# Epoxy gorilla glue for wedge anchor



## wcord (Jan 23, 2011)

You drill the proper sized hole, they aren't coming out, period. No need for epoxy.


----------



## devilsadvocate2017 (10 mo ago)

wcord said:


> You drill the proper sized hole, they aren't coming out, period. No need for epoxy.

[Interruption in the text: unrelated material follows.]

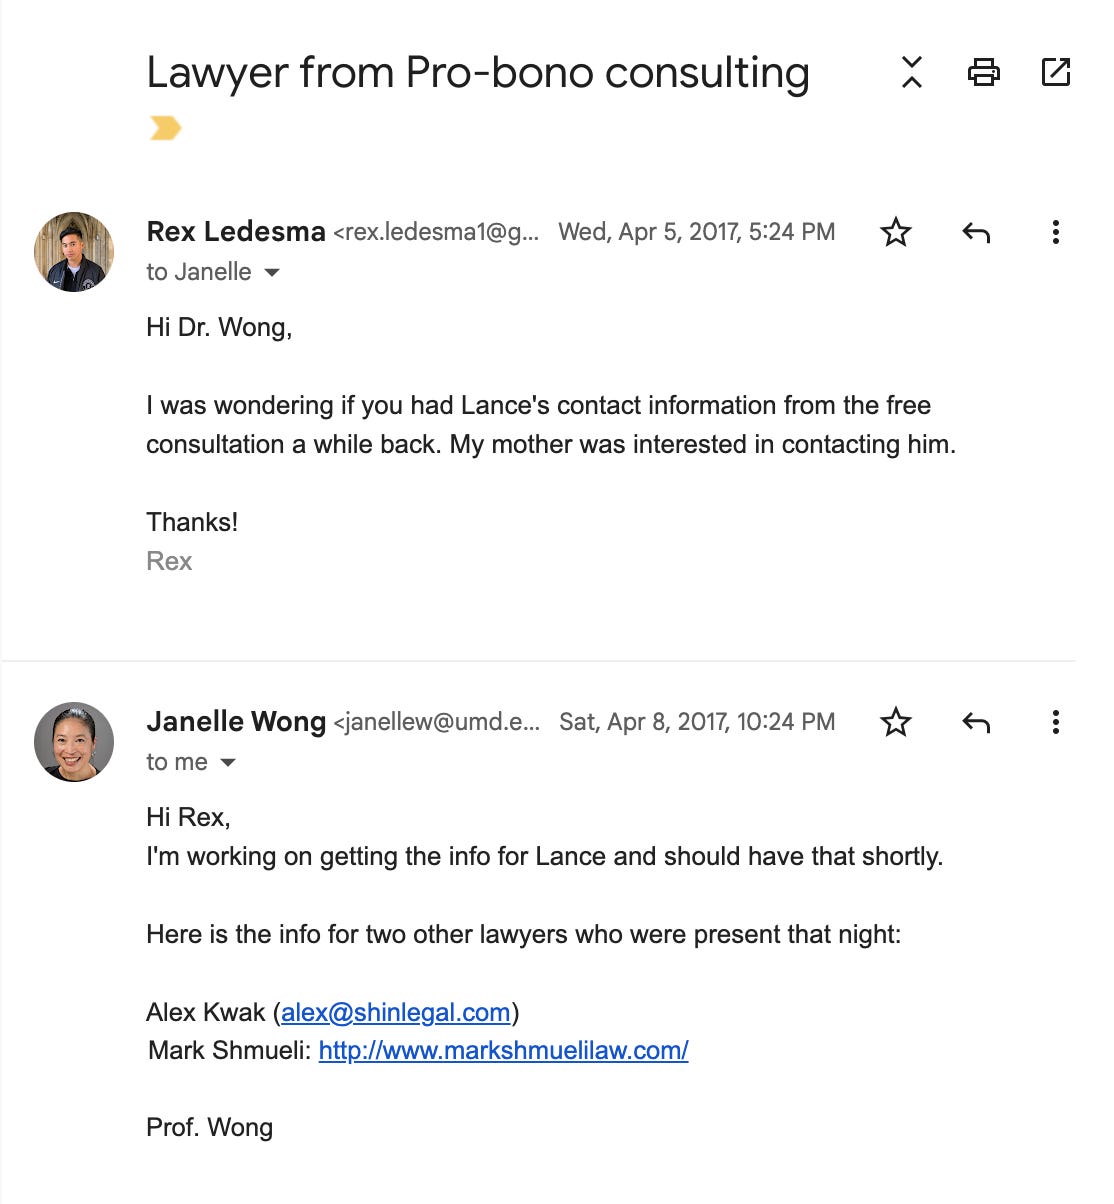 An email to get the lawyer's contact information.

Good to know. I was told to use epoxy anchors by another contractor because "what if it spins" he said.


----------



## wcord (Jan 23, 2011)

If you want to use epoxy anchors, even though its more money, use Hilti. So far, I've never had one fail on me.
Just make sure you drill the proper sized hole and the anchor won't slip


----------



## drsparky (Nov 13, 2008)

Drill the holes deeper than length of the bolt. When it is time to move the rack in a few years, remove the nut, center punch the bolt down below the floor level. Then slide the rack out of place without having to lift it. Then patch the floor.


----------



## devilsadvocate2017 (10 mo ago)

drsparky said:


> Drill the holes deeper than length of the bolt. When it is time to move the rack in a few years, remove the nut, center punch the bolt down below the floor level. Then slide the rack out of place without having to lift it. Then patch the floor.

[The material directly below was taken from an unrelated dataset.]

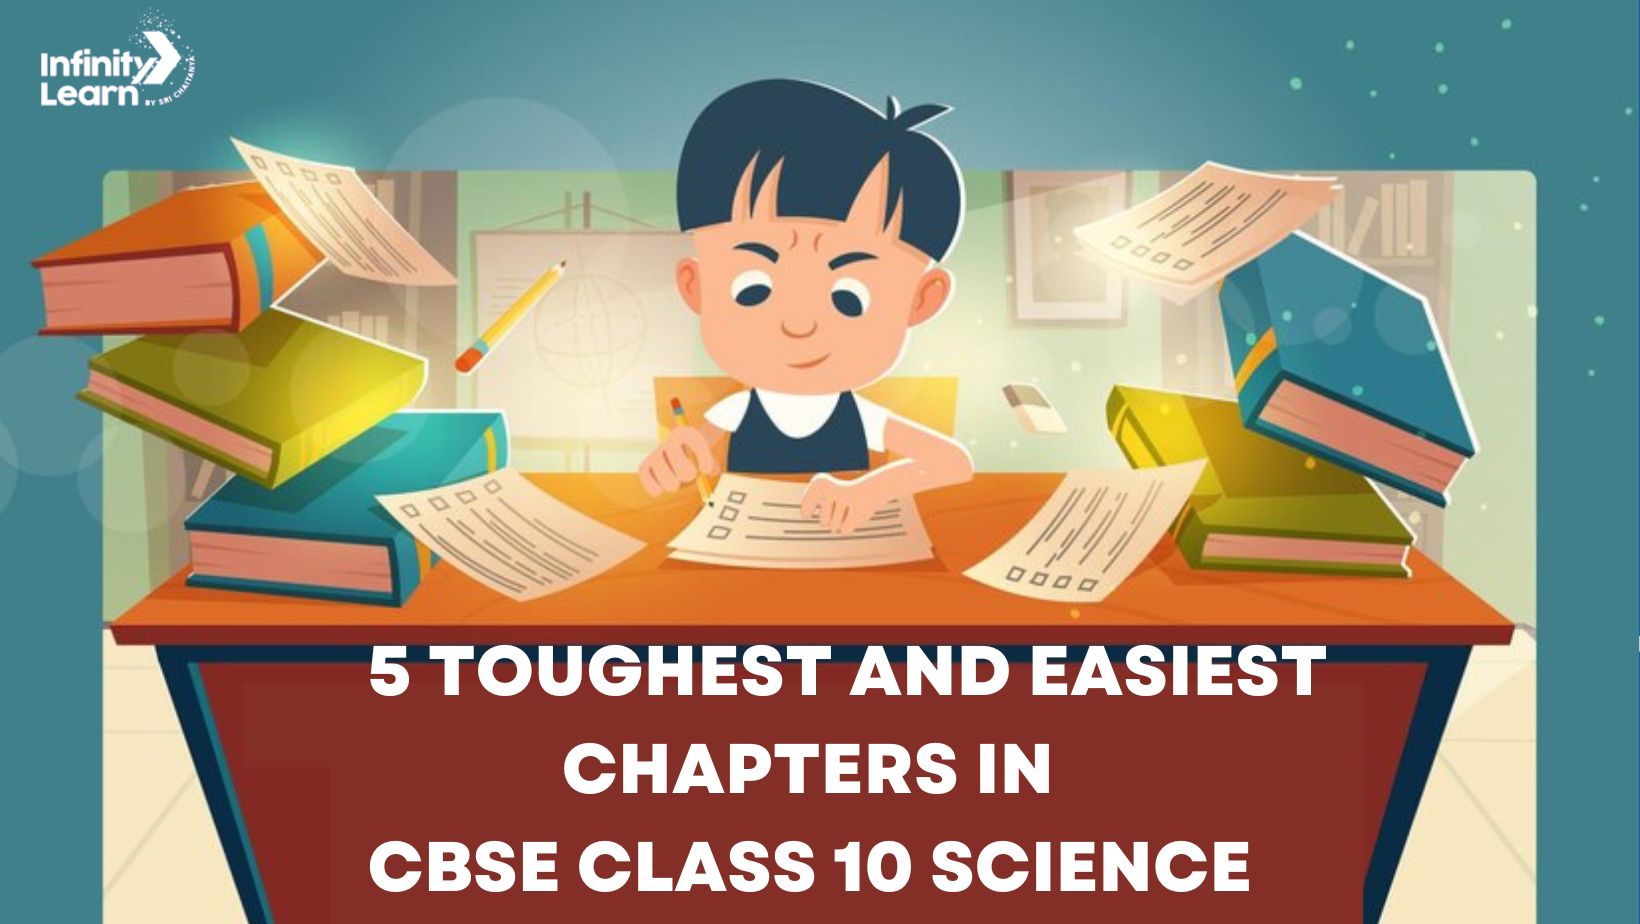 5 Toughest and Easiest Chapters in CBSE Class 10 Science

Well, I was only going to go down 2" and leave 1" out of the floor. Where's the rebar at? No idea if it's a 4" or 6" slab.


----------



## splatz (May 23, 2015)

Read the instructions and follow them to the letter and they are very strong. Don't use glue. 



drsparky said:


> Drill the holes deeper than length of the bolt. When it is time to move the rack in a few years, remove the nut, center punch the bolt down below the floor level. Then slide the rack out of place without having to lift it. Then patch the floor.


That's a good idea but be careful what you buy, some of the expansion anchors work with an overdrilled hole, some don't.


----------



## AndianaJones (5 mo ago)

If you are going to use epoxy then drill the hole and clean it out well, get the dust out. Insert the all-thread, not wedge anchors or sleaves.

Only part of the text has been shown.